#### [WHAT THE EXERCISE ASKS]
Please reproduce all of the data exactly as it appears, but skip the pictures.

#### [STORED DATA]
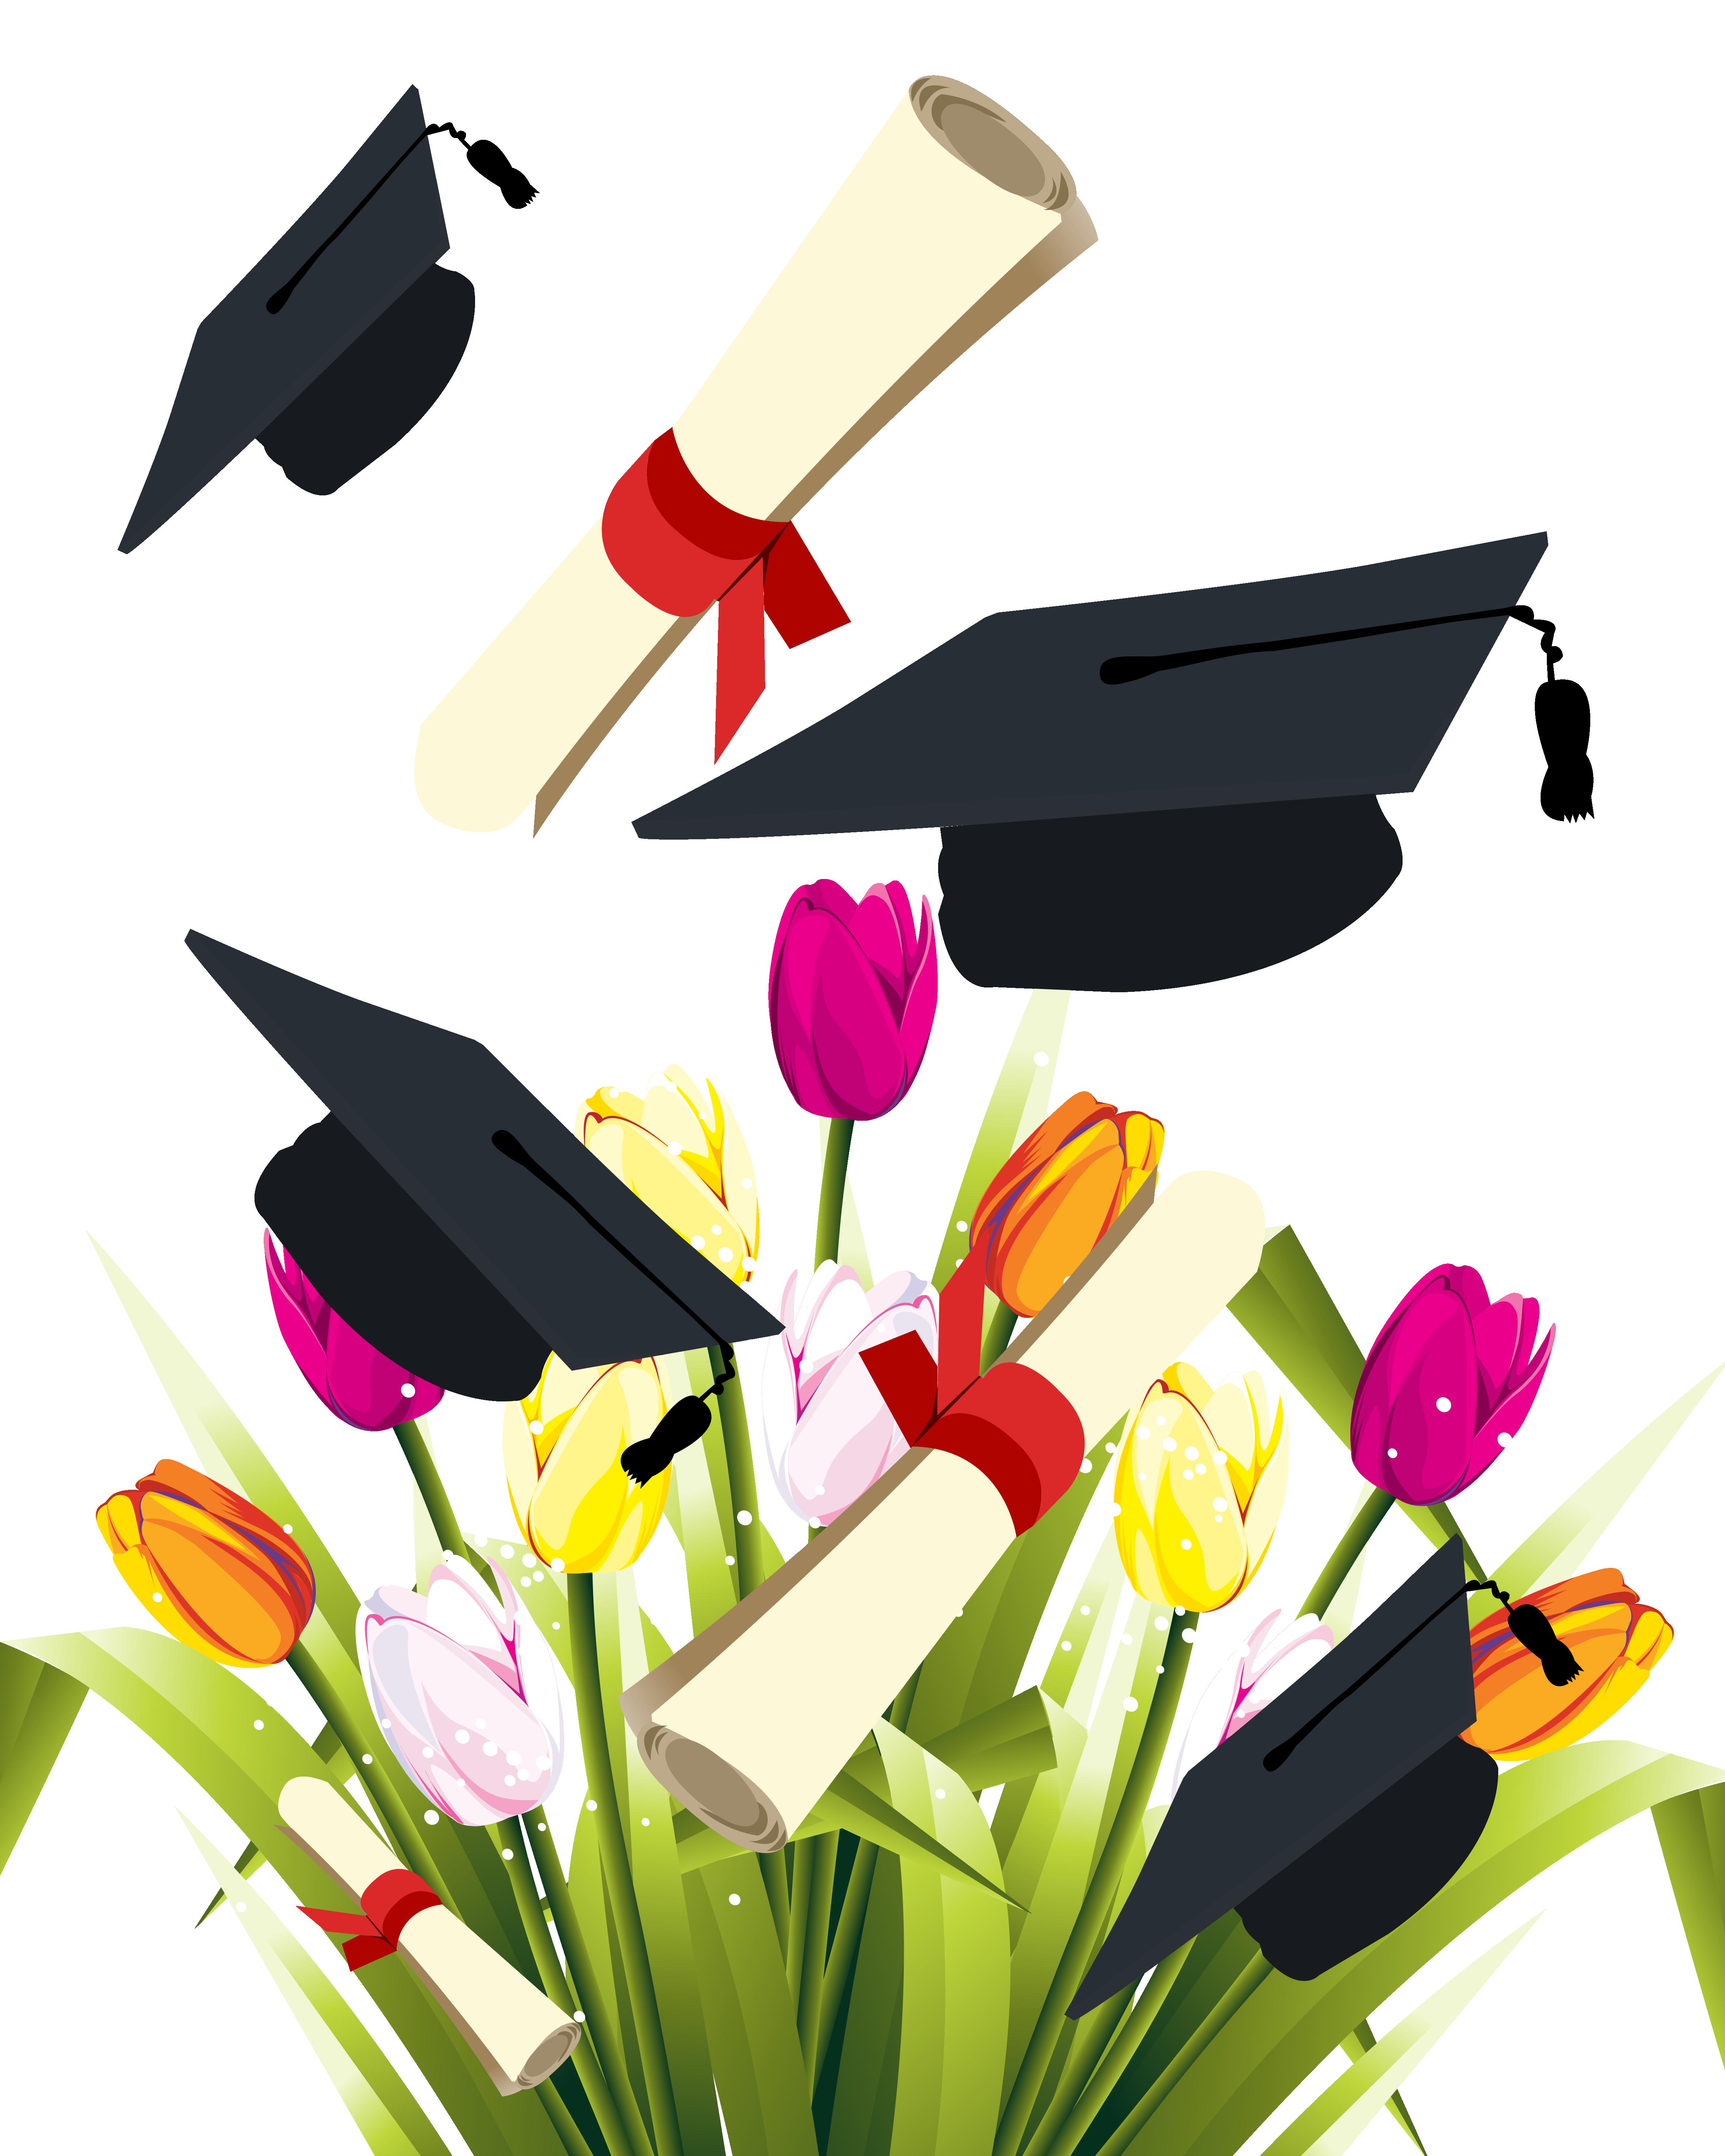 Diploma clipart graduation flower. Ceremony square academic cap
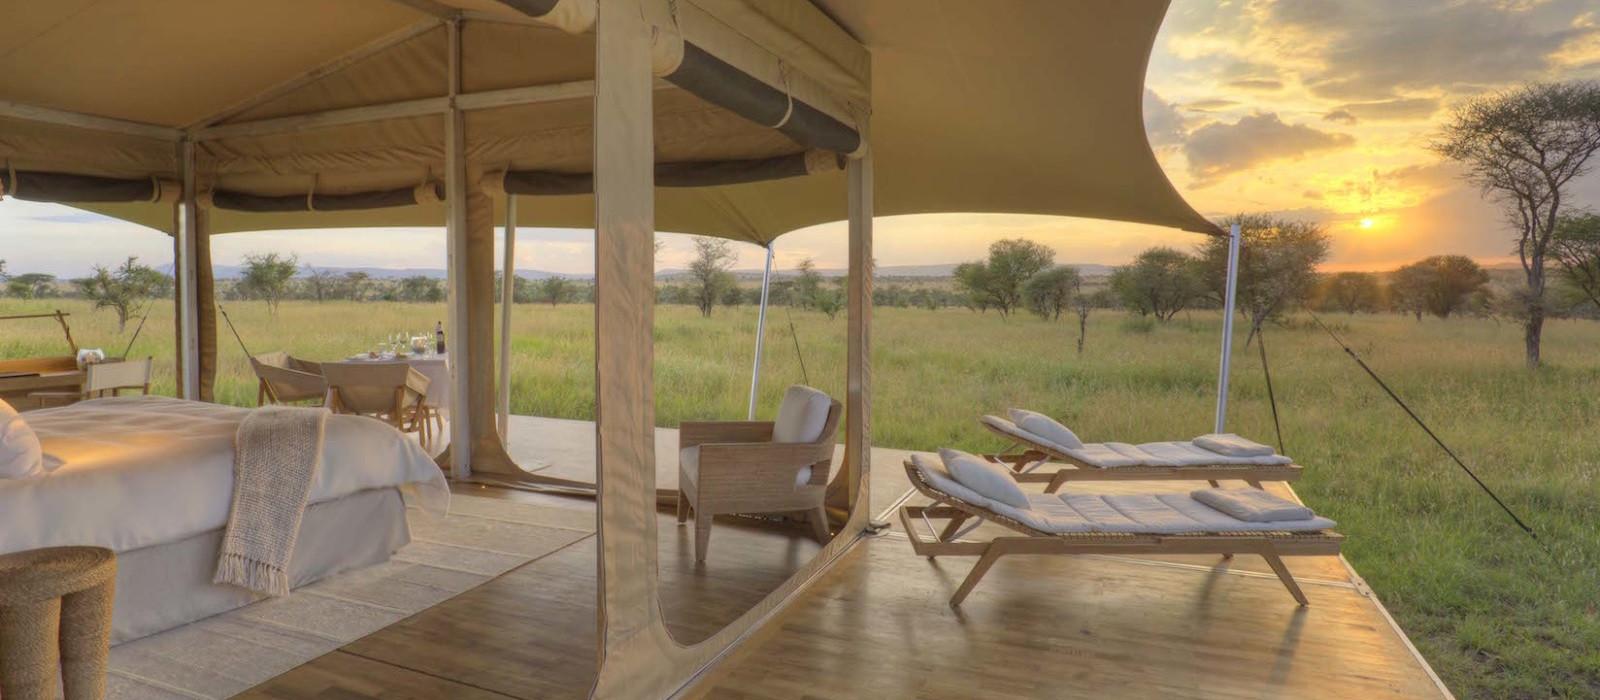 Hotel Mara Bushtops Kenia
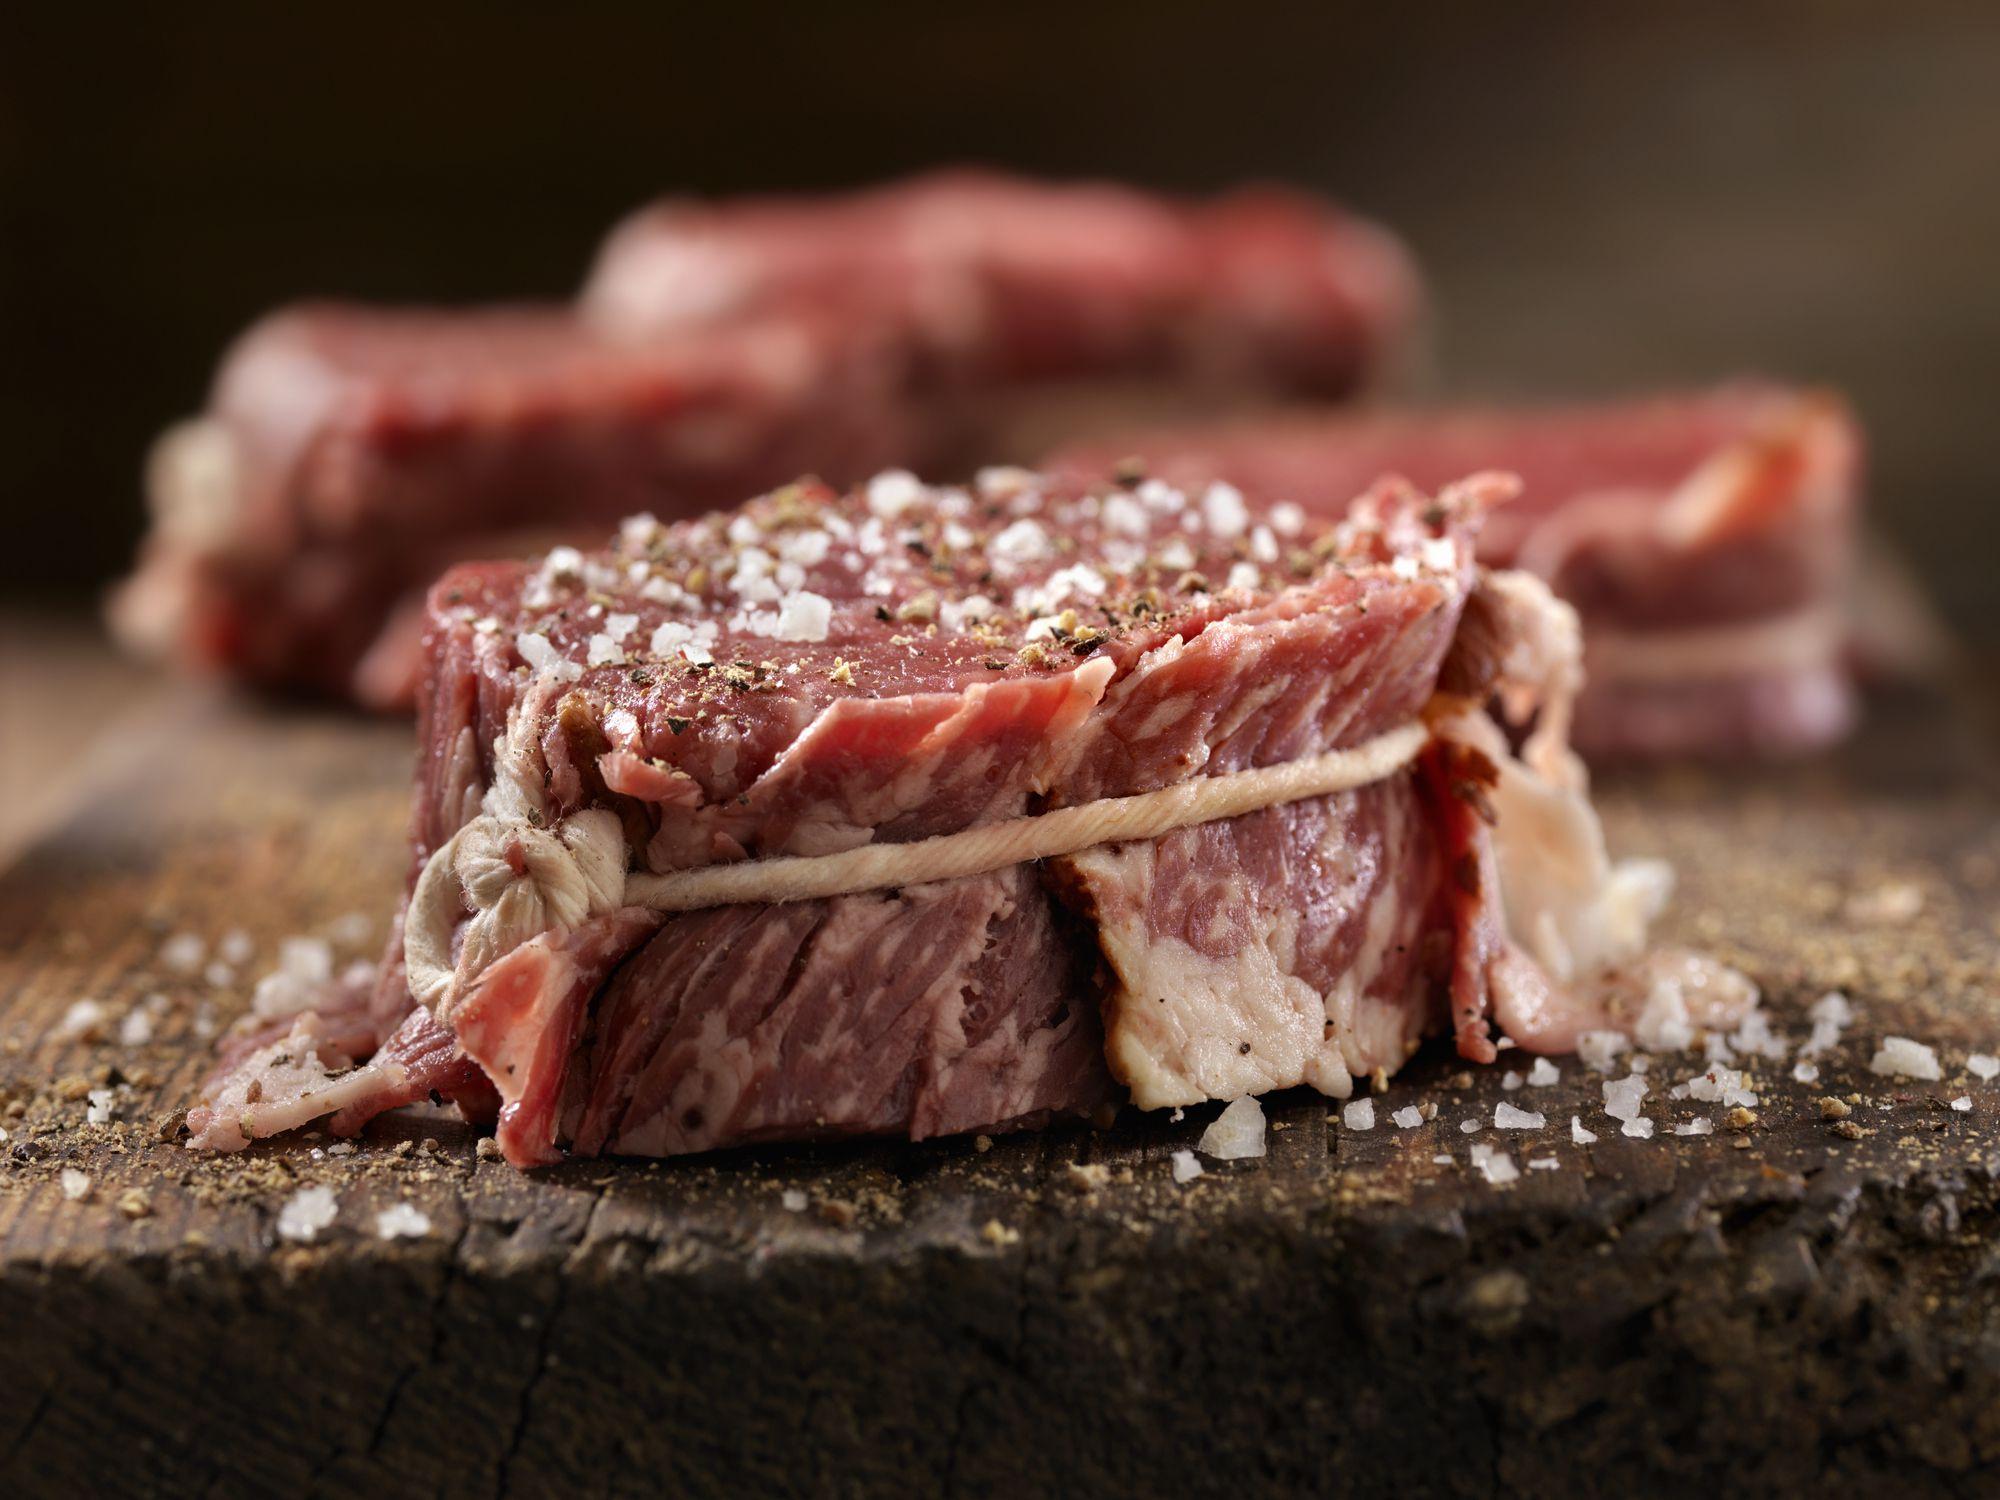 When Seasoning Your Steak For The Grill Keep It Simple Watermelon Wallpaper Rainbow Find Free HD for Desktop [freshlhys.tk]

#### [TASK RESPONSE]
 Diploma clipart graduation flower. Ceremony square academic cap
 Hotel Mara Bushtops Kenia
 When Seasoning Your Steak For The Grill Keep It Simple Watermelon Wallpaper Rainbow Find Free HD for Desktop [freshlhys.tk]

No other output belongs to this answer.